Here are a few tips we discussed on how to help customers navigate through system and process changes.
First, Convey Empathy. If people are upset or frustrated, and you show empathy with what you say and the tone and body language used, they’ll feel you’re listening. Listening conveys that you’re an understanding person who cares about them, their situation, and their feelings. If you don’t argue or interrupt, and – instead – you agree with some of what they say, they realize that they’re not in a fight, they realize they’re interacting with someone who’s on their side, and that can bring down the emotion.
Second, Set/Manage Customer Expectations. If customers are used to different processes, systems, and wait times, be proactive in communicating what they should expect from now on. With e-mails, letters, onsite signage, and in discussions, explain processes simply and succinctly. Describe timeframes, and share what they need to do versus what will be done by the company. And when the customer is engaged with your business, have employees who are not only knowledgeable of the new operations but who are also good teachers be the ones charged with engaging the customers on the new steps.

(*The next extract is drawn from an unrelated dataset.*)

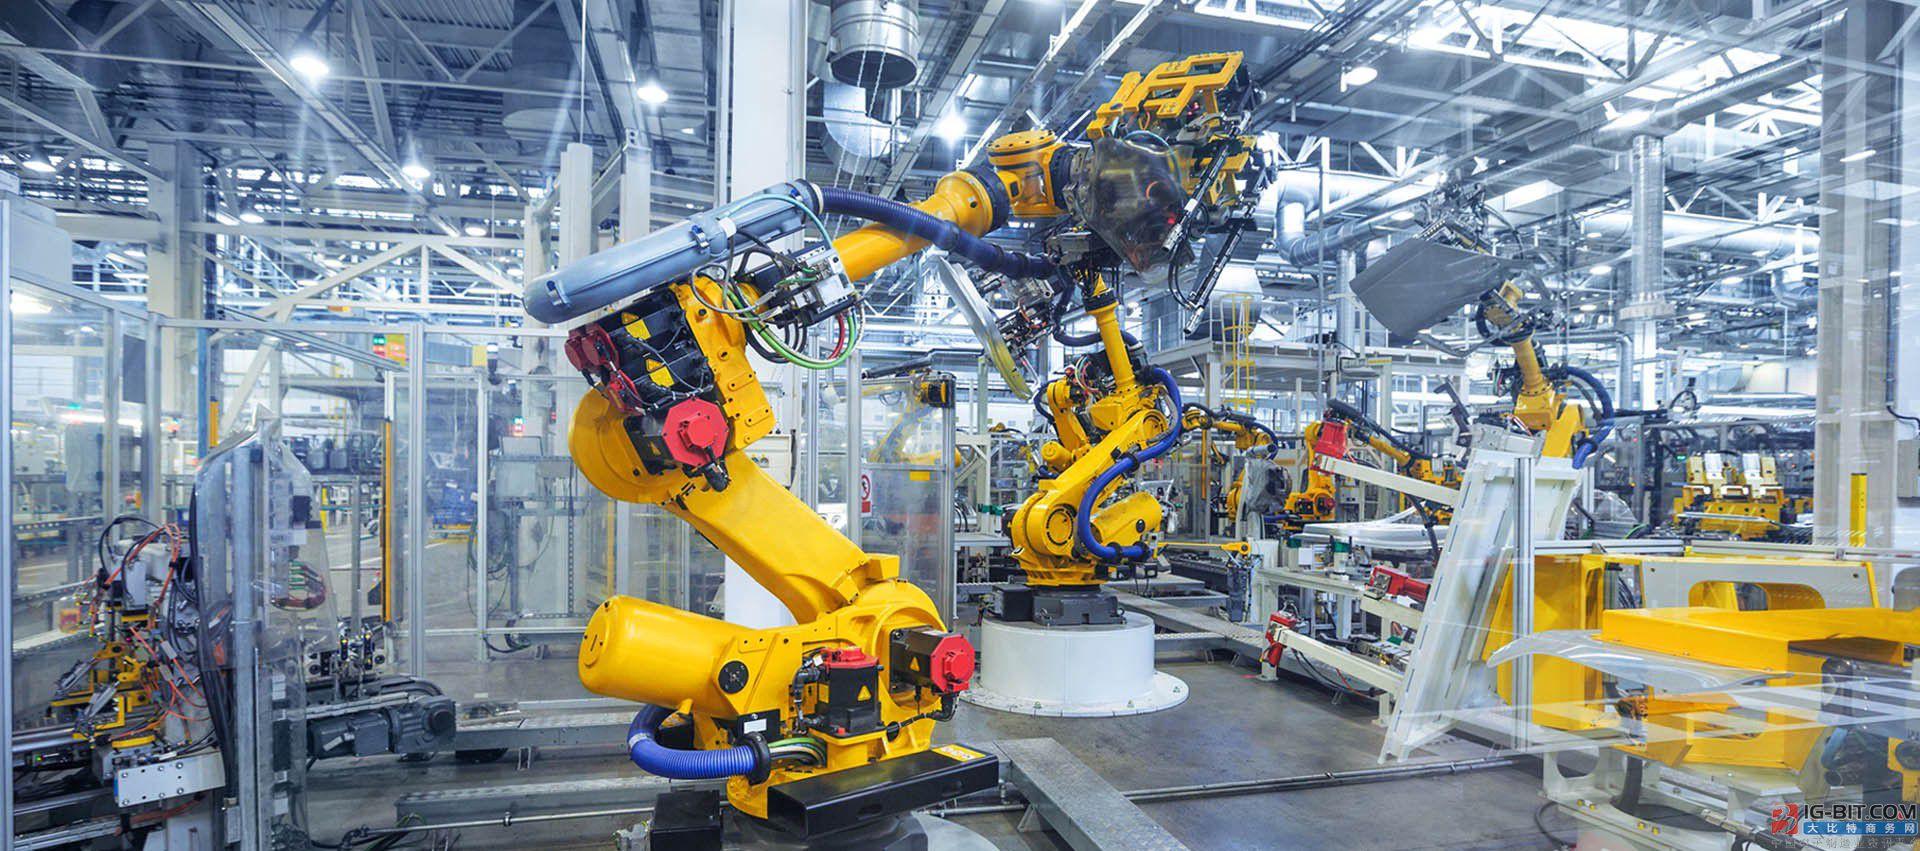 疫情催生新一轮洗牌,机器人产业要如何应对?

Third, Gain Feedback. Don’t assume that getting through the implementation of the change and the first encounter are the goals. Continuous improvement, customer satisfaction, and loyalty are the goals. Ensure that you have real-time and after-the-encounter processes in place to get feedback from the customer directly and about the customer’s experience from the front-line staff as well.
Finally, Get into 90-day Action Planning Mode. Take the customer and employee feedback, and use it to consistently improve the processes, systems, communications, and training.
When making internal process changes, ensure that you’re addressing the external impact on the customer, too.